Auch das Gutachten der Psychiaterin Adelheid Kastner, die den Angeklagten untersucht hatte, wurde von der Anwältin als mangelhaft bezeichnet. Zum Beweis dafür habe sie im Verfahren Fachexpertisen vorgelegt, ein Antrag auf ein weiteres Gutachten zur Beurteilung der Persönlichkeit des Beschuldigten sei jedoch ebenfalls abgelehnt worden. "Die noch dazu unbegründete Ablehnung sämtlicher Beweisanträge lässt sich mit den Prinzipien eines fairen Strafverfahrens in keiner Weise vereinbaren", meinte Peter.

Kinder gaben Pressekonferenz in Wien
Kinder gaben Pressekonferenz in Wien © APA

Rosenkrieg

Mit Unverständnis reagierte die Opferanwältin auch auf die Urteilsbegründung des Richters, es habe sich um einen "verspäteten Rosenkrieg nach der Scheidung" gehandelt, es gebe keinen Anhaltspunkt für strafbare Handlungen. Der angeklagte Tatzeitraum beginne jedoch im Jahr 2000, also zwölf Jahre vor der Scheidung. Die Kinder hätten massive psychische Traumata erlitten. Hier zu behaupten, die Handlungen des Angeklagten wären "nicht kausal", und diese seien in ihrer Intensität nicht gravierend gewesen, sei unvorstellbar. "Wir haben einen Rechtsstaat", meinte Peter, aber sie wolle das Vertrauen in die Justiz nicht verlieren, "und ich habe es noch nicht verloren".

Anderes Gericht?

Kriminologin Katharina Beclin von der Universität Wien zeigte sich bei der Pressekonferenz indes erstaunt, dass das Verfahren nach kolportierten Interventionen - der Bruder des Angeklagten ist ein prominenter Politiker - nicht an ein anderes Gericht delegiert worden ist. "Wenn so etwas vorkommt, sollten die Alarmglocken läuten", meinte Beclin. "Die Optik ist eine schlechte."

Erst am gestrigen Dienstag haben Vertreter der Richter und Staatsanwälte zu einer Rückkehr zur Sachlichkeit aufgerufen: "Die Enttäuschung ist begreiflich, aber man darf sich nicht von Emotionen zu Äußerungen hinreißen lassen", sagte Werner Zinkl, Präsident der Richtervereinigung.

Nächste Instanz

Der Fall rund um einen oststeirischen Arzt, der mutmaßlich seine vier Kinder jahrelang gequält haben soll, geht in die nächste Instanz.
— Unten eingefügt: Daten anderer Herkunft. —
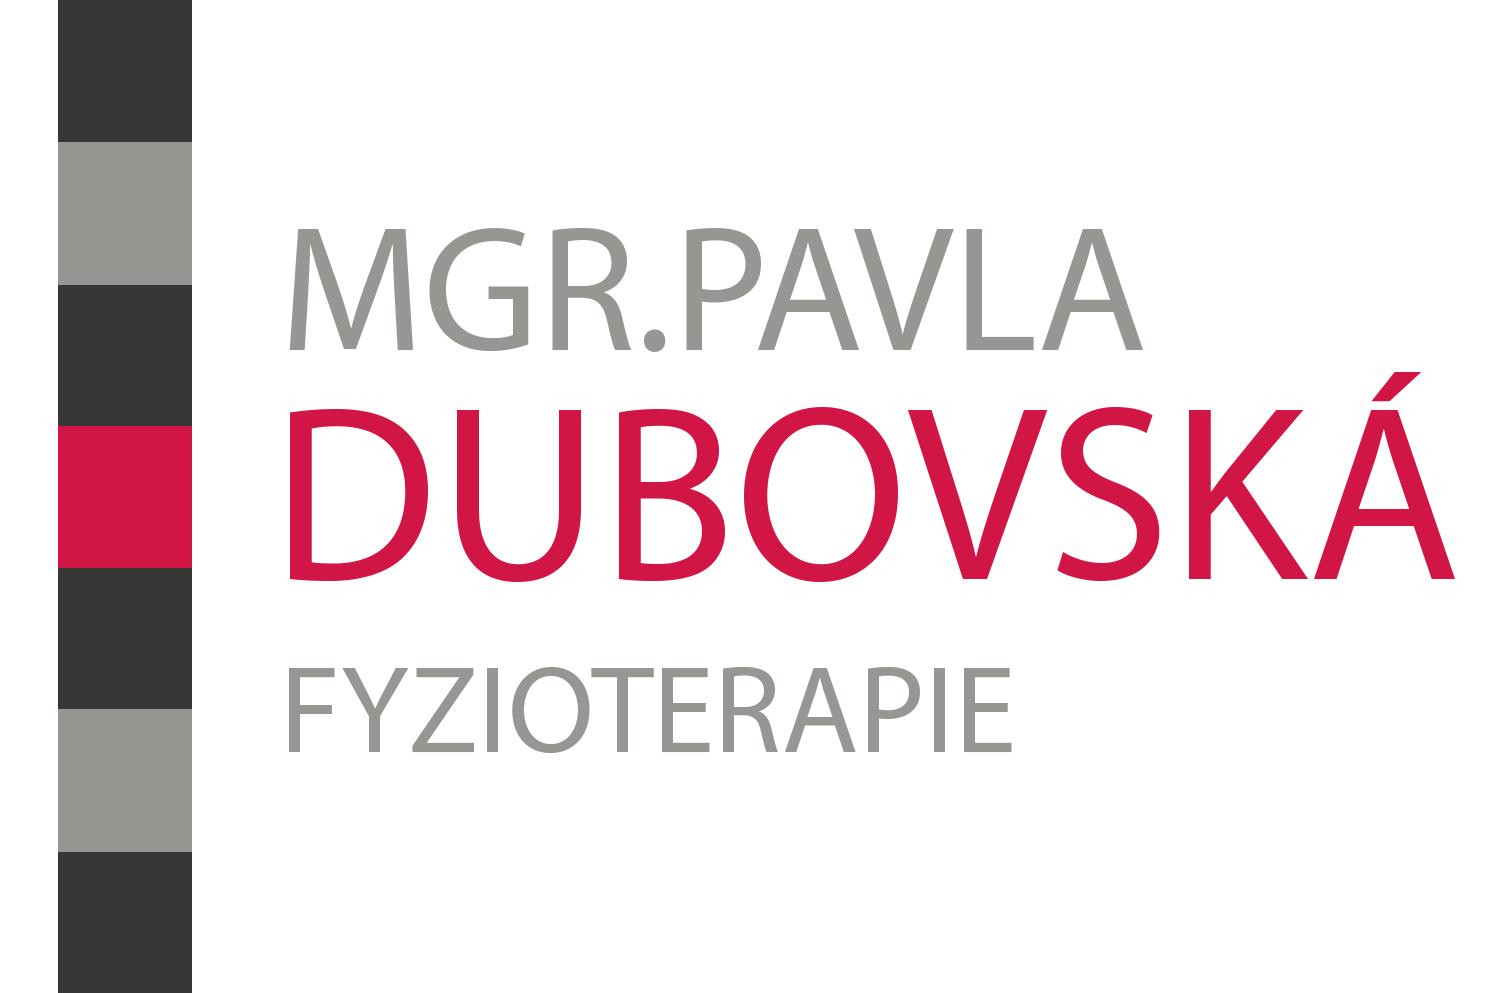 Mgr. Pavla Dubovská - fyzioterapie Znojmo

Die Staatsanwaltschaft Graz wird gegen den am Freitag gefallenen Freispruch berufen. Das teilte die Behörde am Montag mit. Die Gerichtsentscheidung ist damit nicht rechtskräftig. Das Oberlandesgericht Graz wird sich nun mit dem Fall auseinandersetzen müssen.

"Die Rechtsmittelanmeldung erfolgte, weil aus Sicht der Staatsanwaltschaft die Schlüssigkeit der Beweiswürdigung nur anhand der schriftlichen Urteilsausfertigung überprüft werden kann", hieß es in einer Aussendung der Staatsanwaltschaft. Daraus dürfe aber nicht abgeleitet werden, dass die Staatsanwaltschaft die gegen den erkennenden Richter erhobenen Vorwürfe einer einseitigen Prozessführung teilt.